Максимов недовольно поглядел на Похитонова.
– Сначала надо сделать, потом говорить, – заметил он. – Нельзя легкомысленно относиться к такому противнику, как Хивисайд, помните это!
Похитонов промолчал.
У Ирины создалось впечатление, будто, говоря о финале, Максимов имел в виду только Нину и Похитонова. Про нее он, очевидно, совсем забыл.
– У тебя, Ирина, – сказал он, – все хорошо, только слаба работа рук. Ты можешь выиграть еще две десятых, если будешь сильнее работать руками. А сейчас отдыхать, не волноваться, – это относилось к Нине, – и не бояться завтрашних соревнований. Мы можем и должны победить.
А в раздевалке американцев Эрика Штальберг стояла перед своими разъяренными хозяевами.
– Вы завтра же напишете опровержение! – кричал Шиллинг – Нет, вы напишете его сегодня, чтобы оно завтра уже появилось в газетах!
– Нет, не напишу, – твердо сказала Эрика.
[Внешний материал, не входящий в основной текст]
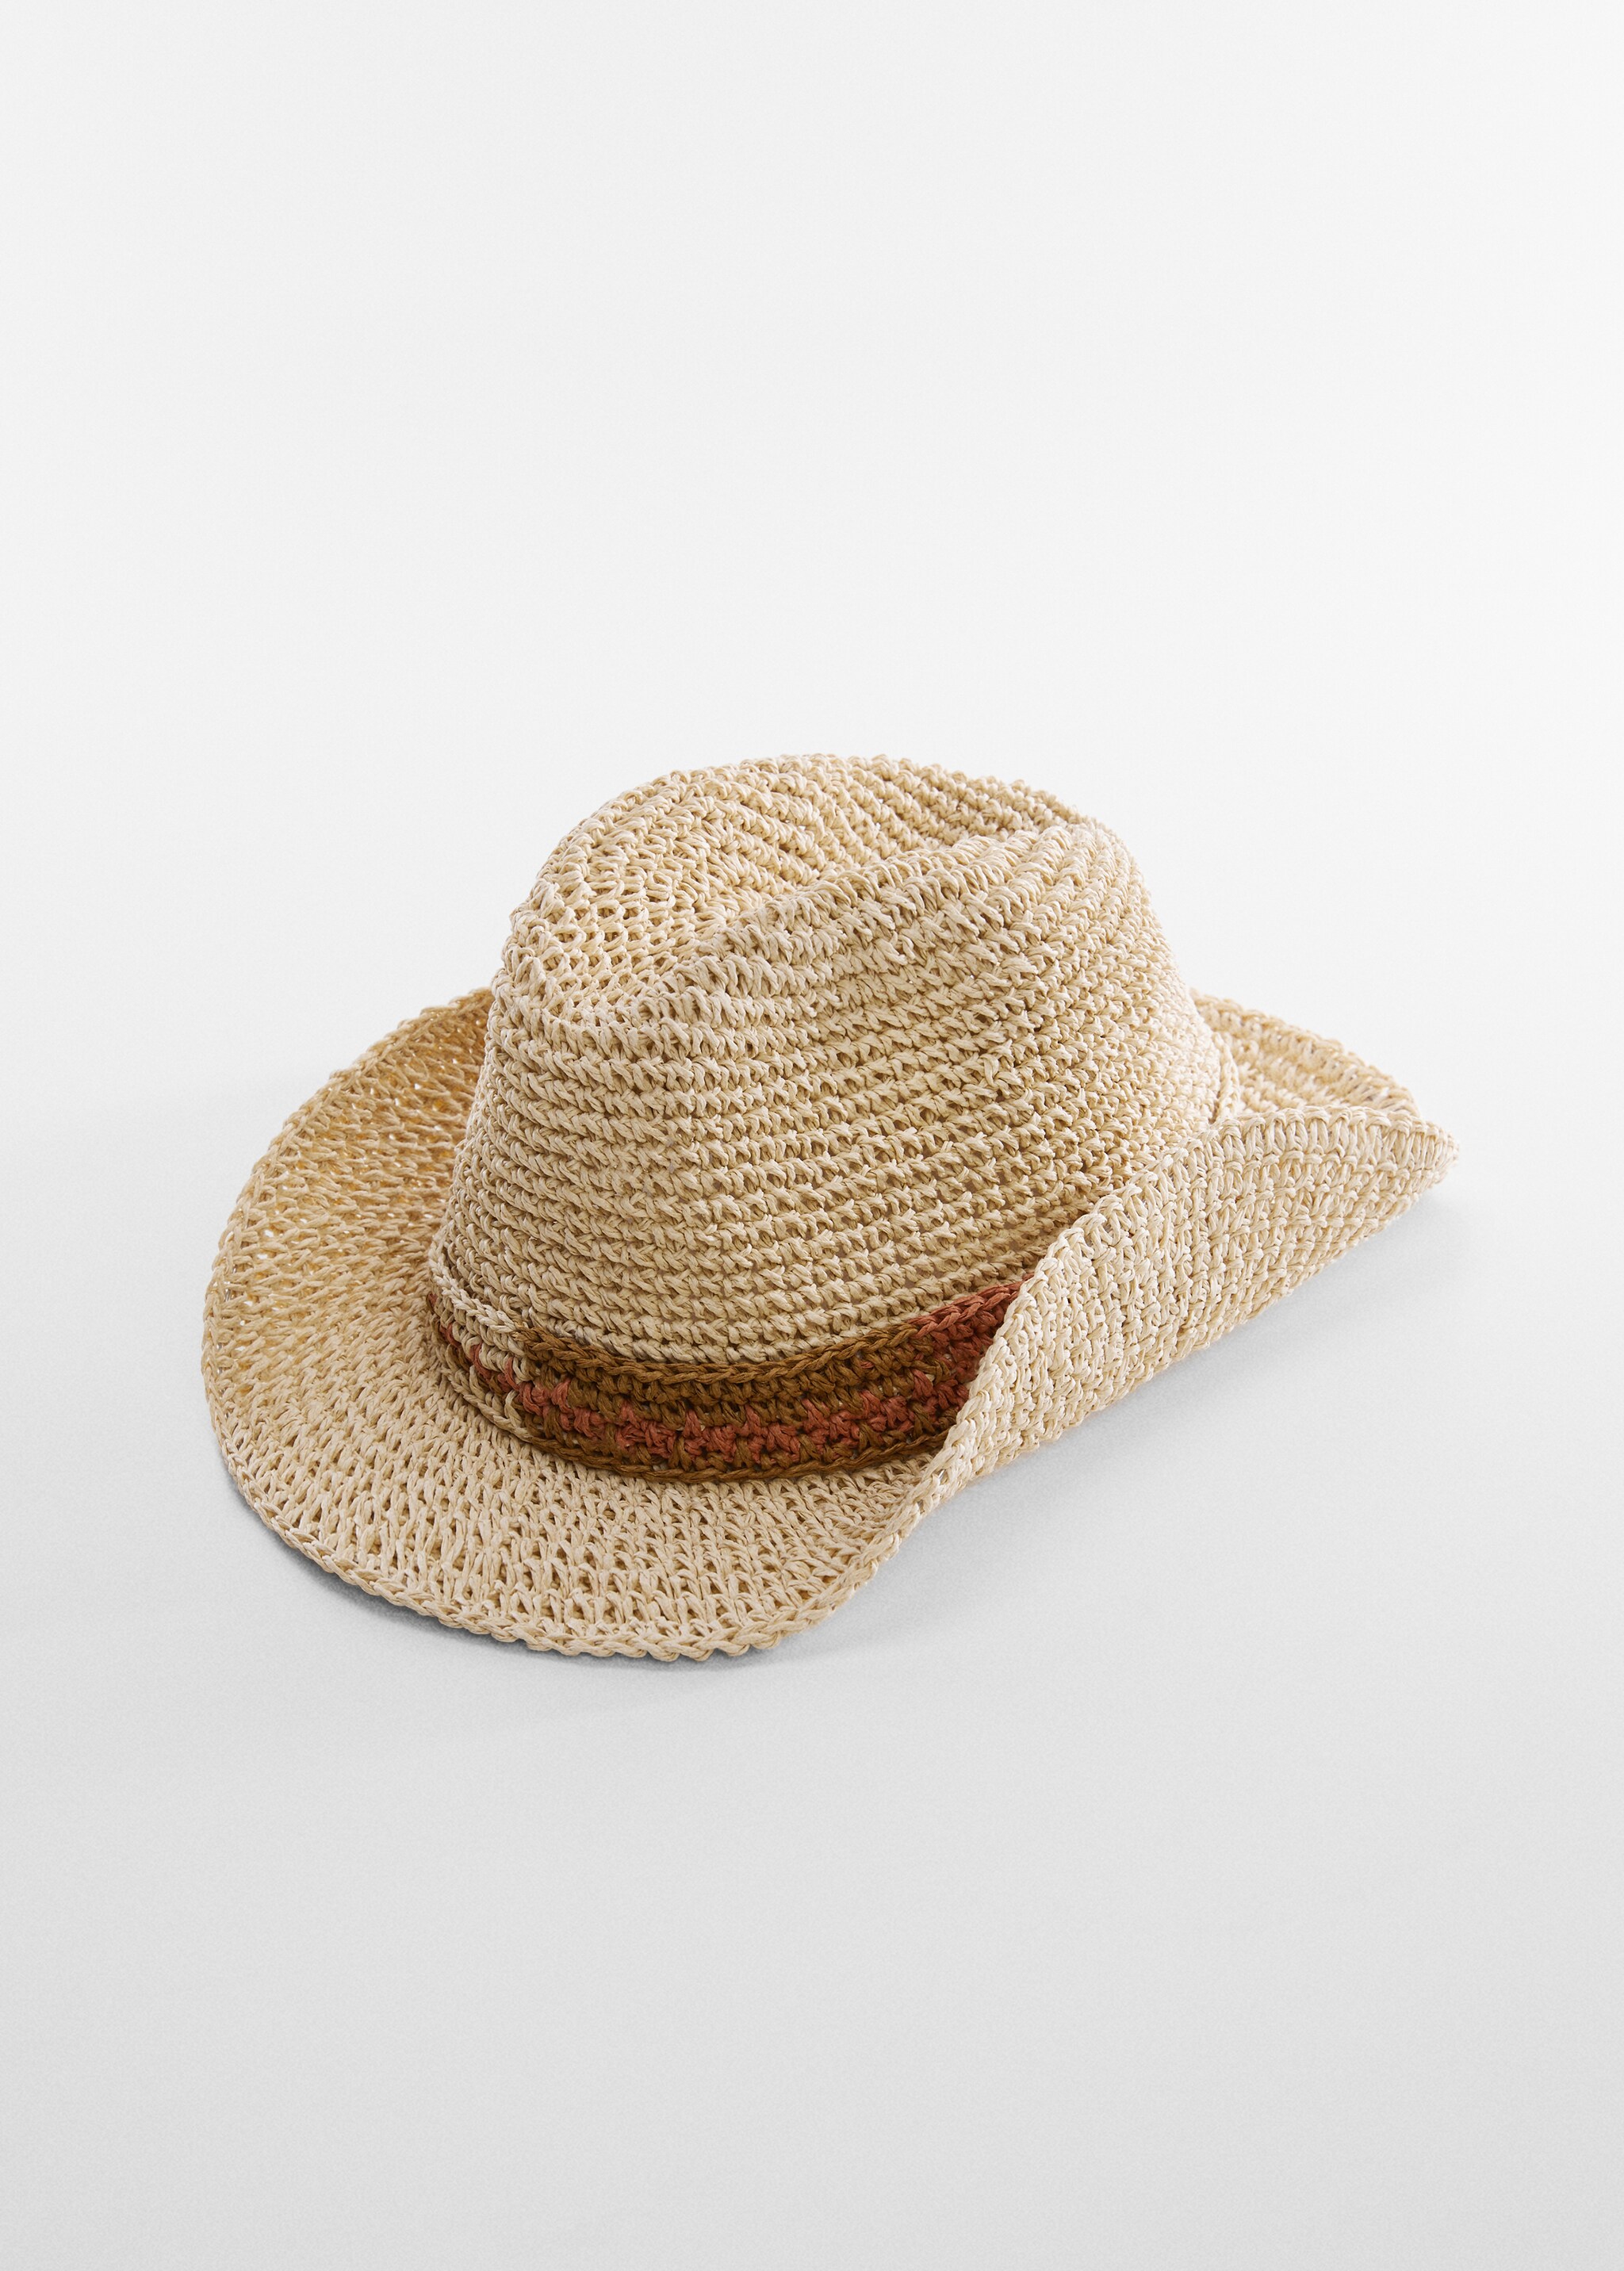 Natural fibre hat - Medium plane

– Напишете, или я вас уничтожу!
– Делайте со мной что хотите!
– Подождите, Шиллинг, – вмешался Майер. – Как вы думаете, Эрика, что будет, если этот Сабо и все ваши новые единомышленники узнают, что вы – племянница начальницы лагеря Равенсбрюк, имя которой вытатуировано на руке вашего венгра? Или если узнают, какими способами вы добывали деньги для мистера Шиллинга в Америке.
Шиллинг искоса взглянул на Майера.
– …Вы можете не писать опровержения. Мы сами напишем студентам всех стран, кто старается спрятаться за словами о мире. Представляете, как отнесутся к этому студенты?
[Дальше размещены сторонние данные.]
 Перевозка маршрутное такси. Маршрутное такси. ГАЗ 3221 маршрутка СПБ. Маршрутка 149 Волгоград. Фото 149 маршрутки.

Эрика задохнулась. Воротник легкого тренировочного костюма сдавил горло петлей, затягивающейся все сильнее и сильнее.
Значит, нет и не может быть для нее счастья. Значит, снова Америка, Янки–стадион. А впереди – искалеченная жизнь и воспоминания о любви Тибора Сабо. Эрика глубоко, словно вынырнув из воды, вдохнула воздух и пошла к двери.
– Куда вы?
– Я напишу. Приходите вечером, – сказала она Майеру и вышла.
– Что я вам говорил? – торжествующе усмехнулся Майер.
Эрика, ничего не видя вокруг себя, вышла со стадиона, взяла такси и поехала домой.
Теперь ей не для чего было жить. Никогда не позволят ей соединить свою жизнь с Тибором, ее всегда будут держать в руках, и она уже не сможет дышать свободно Значит, лучше умереть сейчас же, чем ждать такой страшной преждевременной старости, какая выпала на долю Лоры Майклоу.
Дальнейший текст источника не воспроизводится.